On the right hand side, he's got his worries and his concerns, and there's some bubbles there with some key words in relation to his worries and his concerns.

He's drawn a couple of pictures too.

And then on the left hand side, he's written down some positives.

And again, he's linked that with some words that might describe how we might feel about being really happy.

So if you look at the right hand side, we've got, will he be able to afford it? What might happen if he can't?
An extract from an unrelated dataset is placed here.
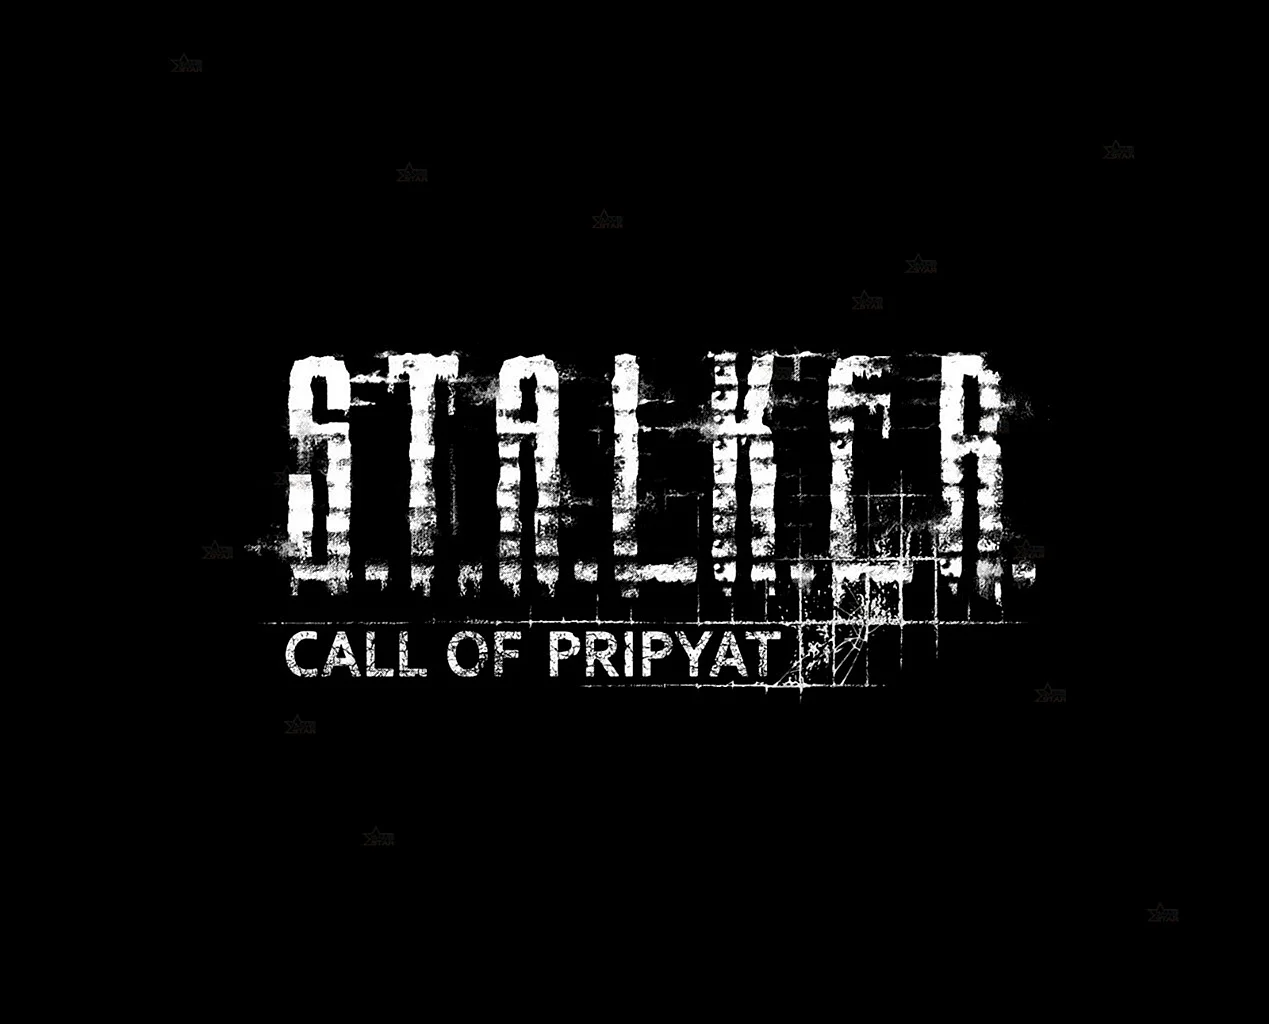 Stalker тень Чернобыля логотип

And there's some words there that describe how he might feel.

He's a little bit worried, a bit anxious about taking the loan out.

He also talks about the fact that you're not too sure about which interest rate would be the best one, which bank to go to, which lenders should he use.

So he's a little bit confused and nervous about it, but there are some real positives to getting a loan, so he's mentioned those, too.

He'll be able to get it now, it's going to make him really happy, and he doesn't have to wait.

So he's going to feel fulfilled.

He's going to feel really happy.

And there's some things that he can do to make sure that bank loan gets paid off really, really effectively.

So for example, he's talked about the fact that he can do some research so he's going to remain focused.

He'd be able to plan his incomings and his outcomings to make sure that he can afford the loan.

So there is Daniel's thoughts and feelings map.

I'd like you to have a go at it yourself.

Put yourself in the position of someone who's going to be taken out a loan.

There's some positives and some negatives.

How would you feel? Let's get all those thoughts, feelings, and emotions down on a page, plenty of drawings, plenty of colour, plenty of words that use to describe how you would feel.

Have fun doing it, and I'll look forward to seeing some of your work.